Import files from multiple sources
Users can import multiple RIS or bibtex files into CiteSource, which the user can label with source information such as database or platform.
#Import citation files from folder
citation_files <- list.files(path= "topic_data", pattern = "\\.ris", full.names = TRUE)
#Read in citations and specify sources. Note that labels and strings are not relevant for this use case.
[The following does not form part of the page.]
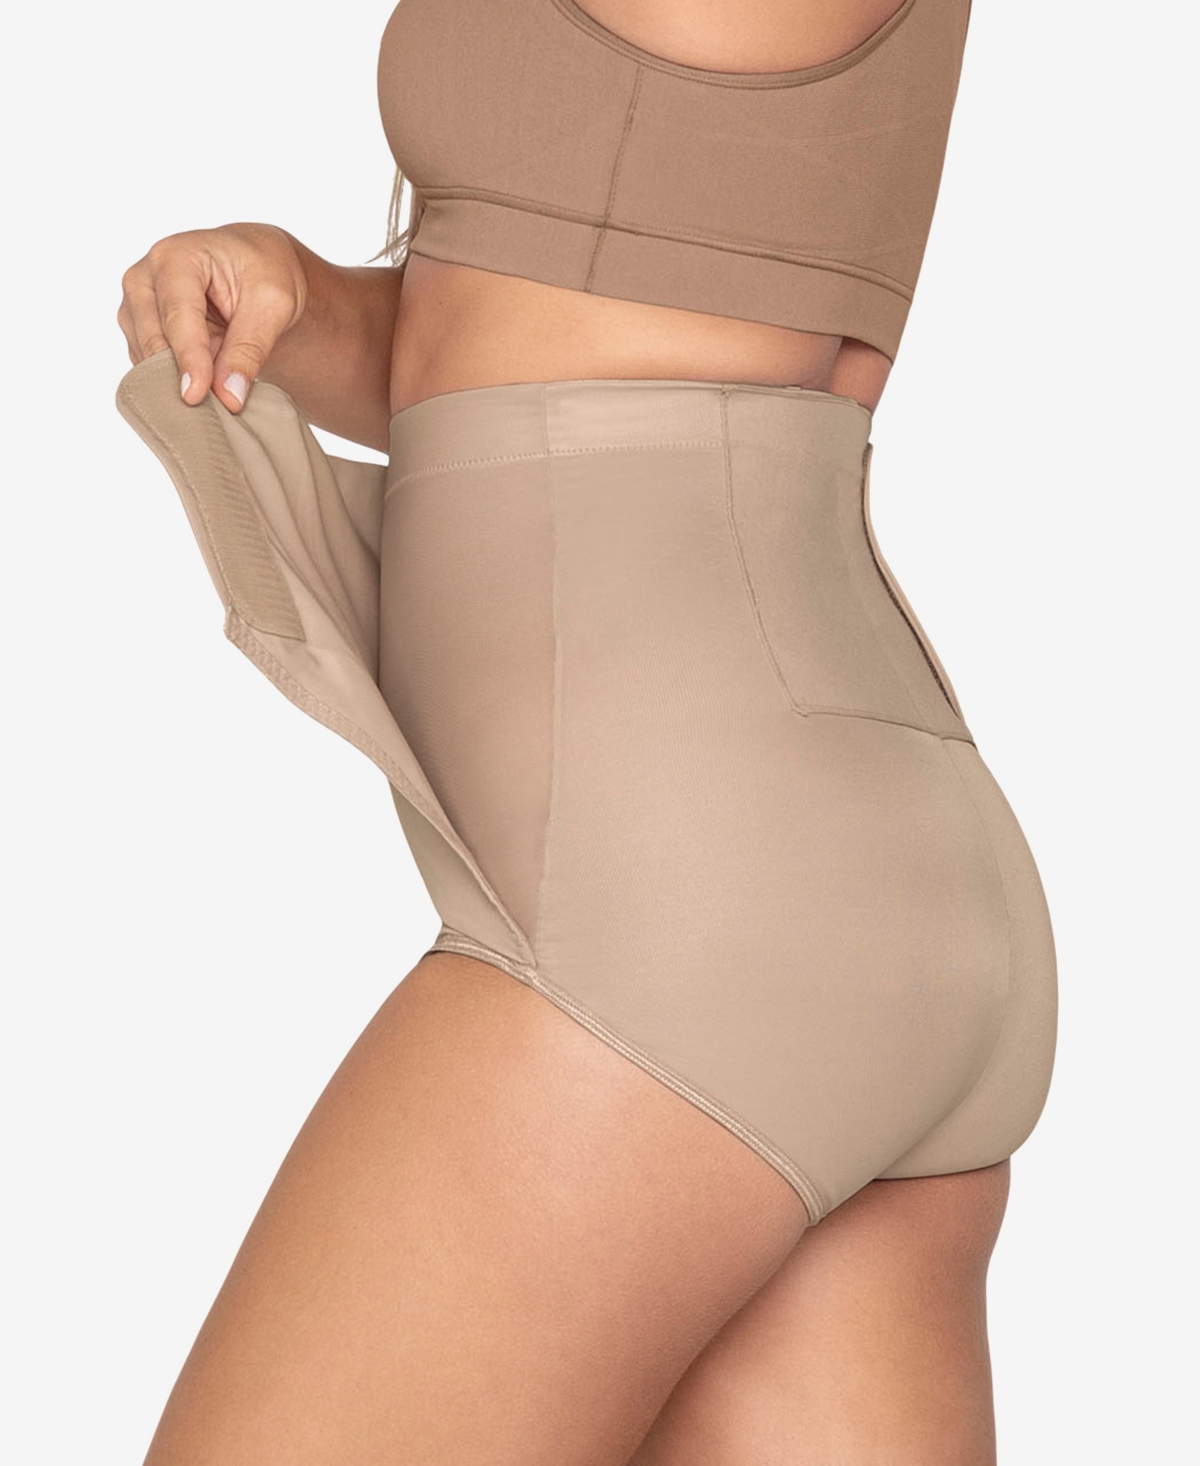 Women's High-Waisted Firm Compression Postpartum Panty with Adjustable Belly Wrap - Light Beige

citations <- read_citations(citation_files,
cite_sources = c("crimjust", "lens", "psycinfo", "pubmed", "scopus"),
tag_naming = "best_guess")
#> Import completed - with the following details:
#> file cite_source cite_string cite_label
#> 1 20221207_gambling-harms_crimjust_41.ris crimjust <NA> <NA>
#> 2 20221207_gambling-harms_lens_49.ris lens <NA> <NA>
#> 3 20221207_gambling-harms_psycinfo_124.ris psycinfo <NA> <NA>
#> 4 20221207_gambling-harms_pubmed_176.ris pubmed <NA> <NA>
#> 5 20221207_gambling-harms_scopus_255.ris scopus <NA> <NA>
#> citations
#> 1 41
#> 2 49
#> 3 124
#> 4 176
#> 5 255
Deduplication and source information
CiteSource allows users to merge duplicates while maintaining information in the cite_source metadata field. Thus, information about the origin of the records is not lost in the deduplication process. The next few steps produce the dataframes that we can use in subsequent analyses.
#Deduplicate citations. This yields a dataframe of all records with duplicates merged, but the originating source information maintained in a new variable called cite_source.
unique_citations <- dedup_citations(citations)
#Count number of unique and non-unique citations from different sources and labels.
n_unique <- count_unique(unique_citations)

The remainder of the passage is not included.